● **Task goal**
Output what the records say, word for word, with no images.
-- -- --
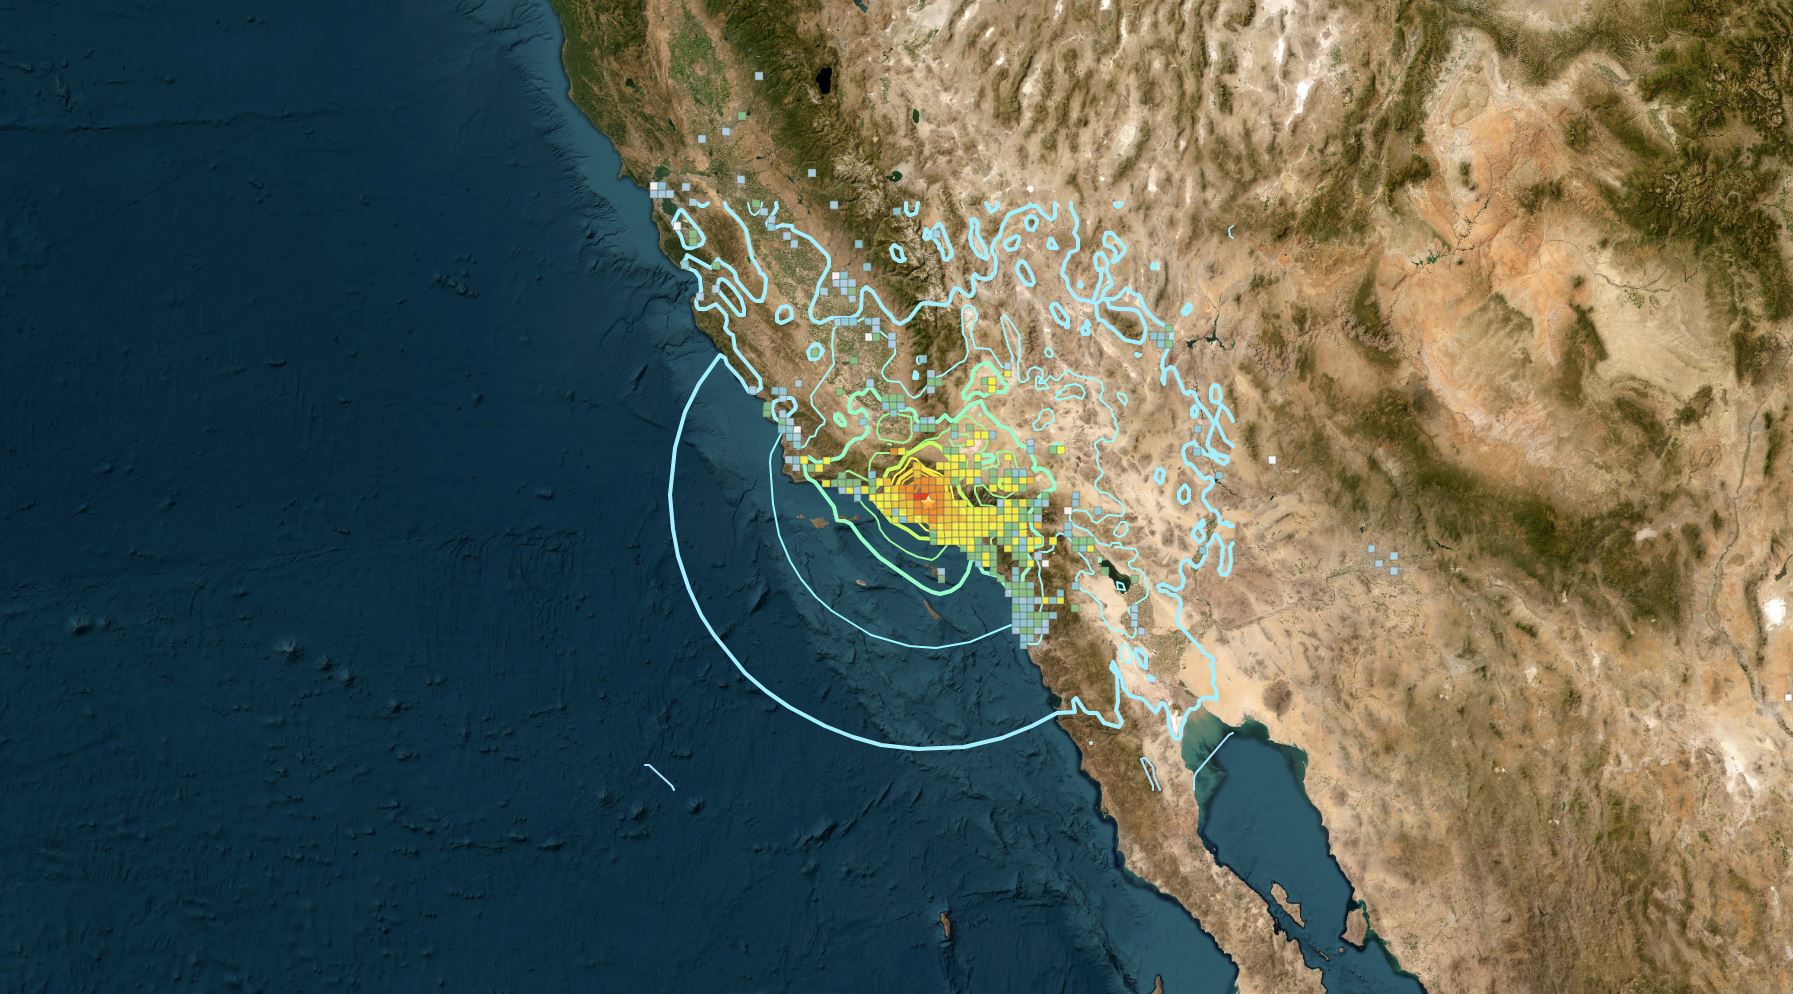 northridge earthquake case study
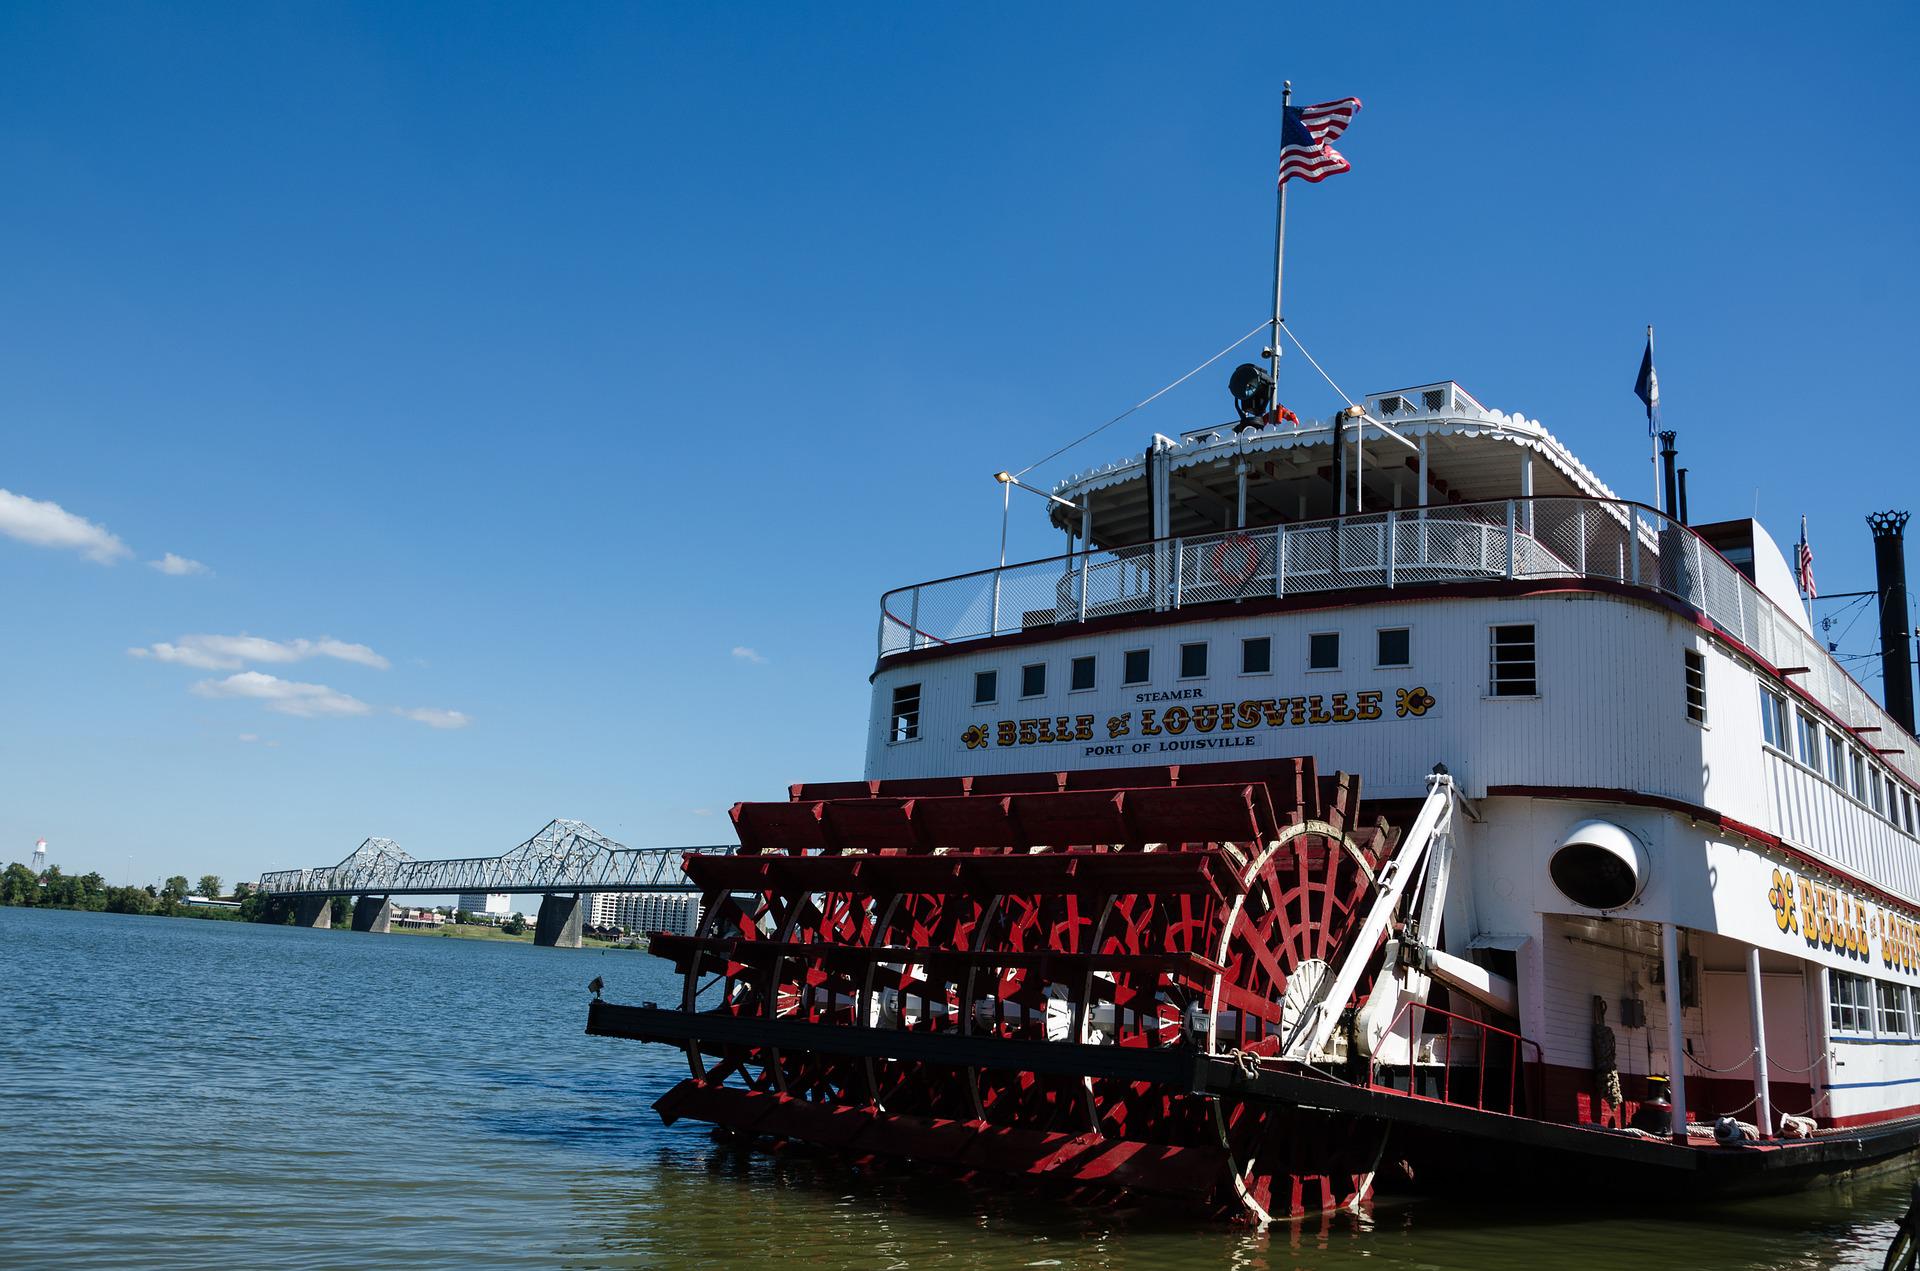 The Belle of Louisville, a popular riverboat in Kentucky
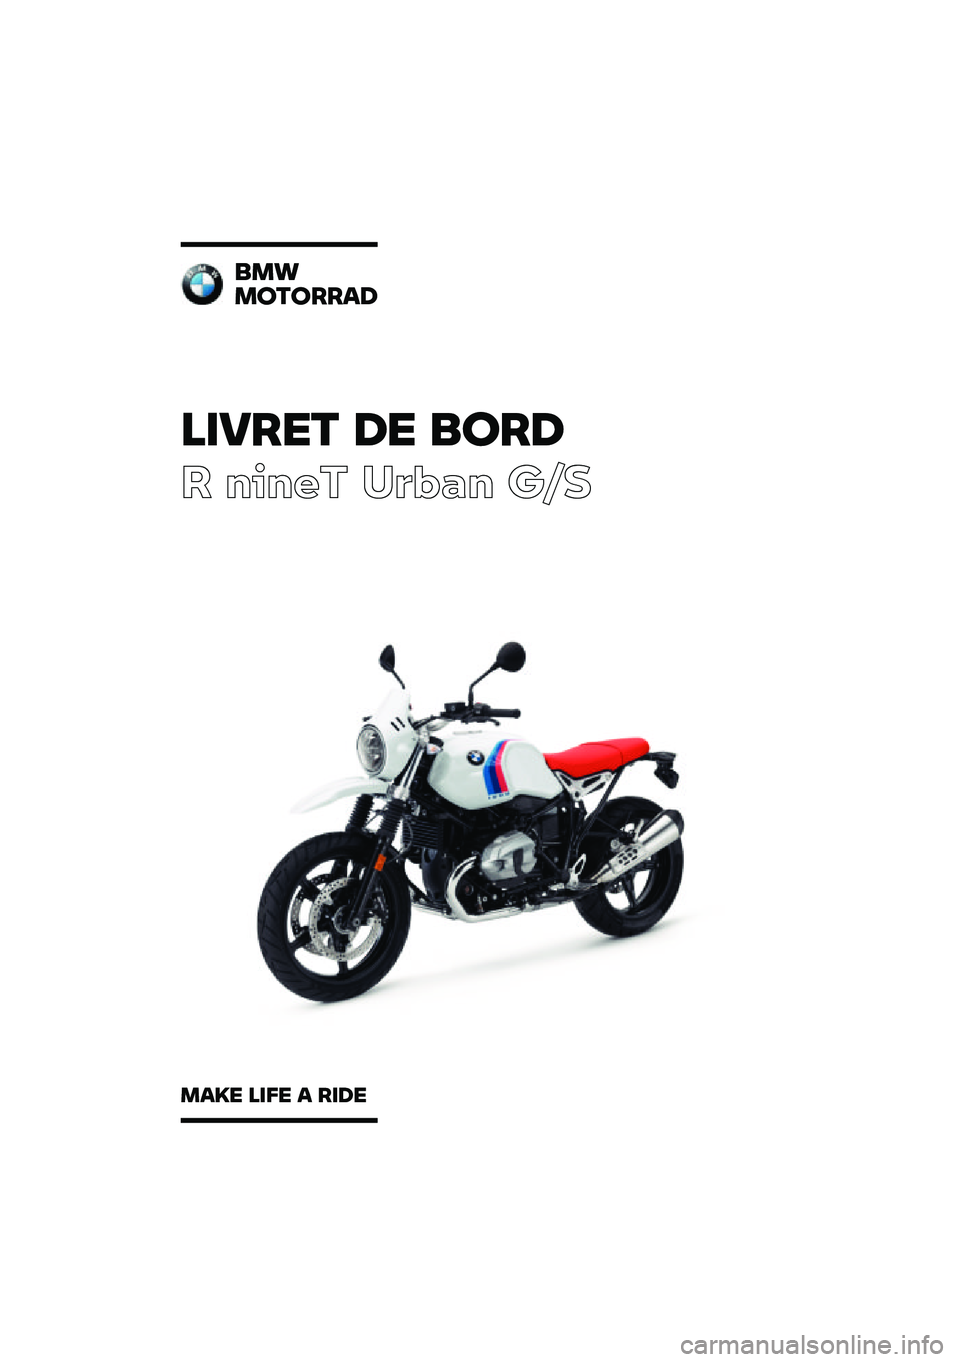 BMW MOTORRAD R NINE T URVAN G/S 2020  Livret de bord (in French) ������ �\b� �	�
��\b
� ����� ��\b�	�
� ��\f�
�	��\f
��
��
���
�\b
��
�� ���� �
 ���\b� 
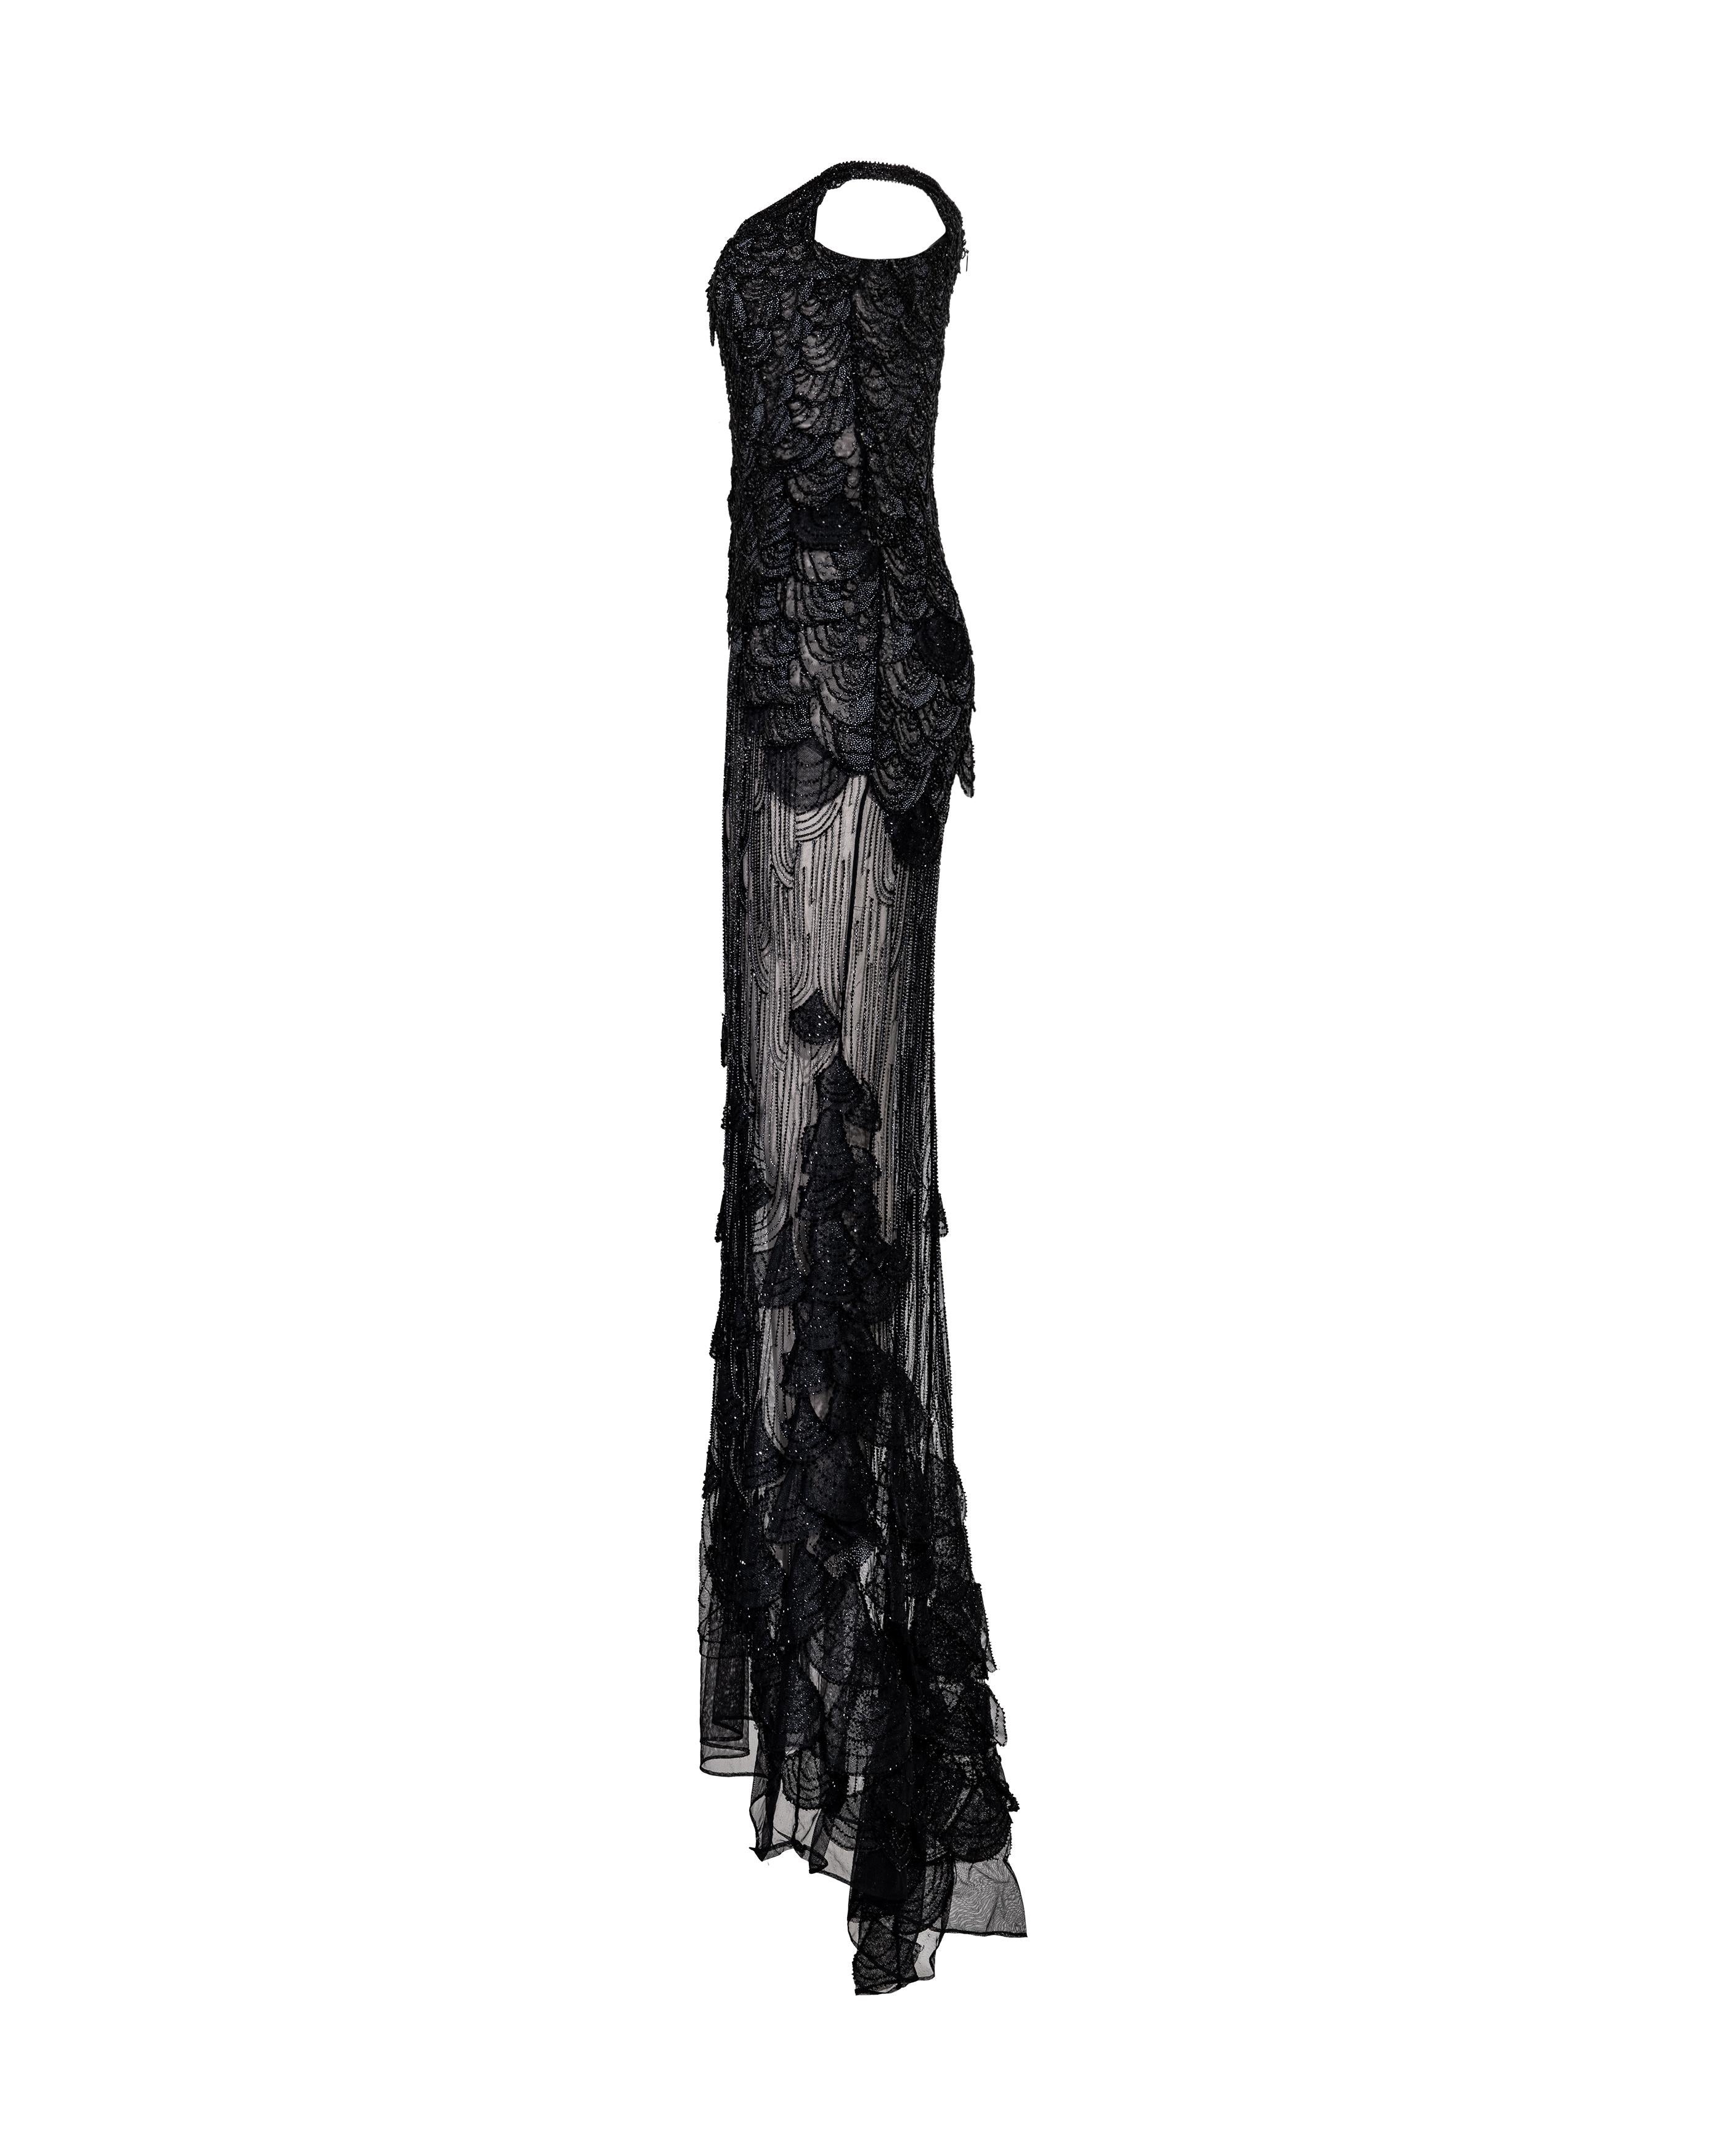 Women's S/S 1999 Atelier Versace Haute Couture Black Embellished Off-Shoulder Gown
-- -- --
● **Answer section**
 northridge earthquake case study
 The Belle of Louisville, a popular riverboat in Kentucky
 BMW MOTORRAD R NINE T URVAN G/S 2020  Livret de bord (in French) ������ �\b� �	�
��\b
� ����� ��\b�	�
� ��\f�
�	��\f
��
��
���
�\b
��
�� ���� �
 ���\b� 
 Women's S/S 1999 Atelier Versace Haute Couture Black Embellished Off-Shoulder Gown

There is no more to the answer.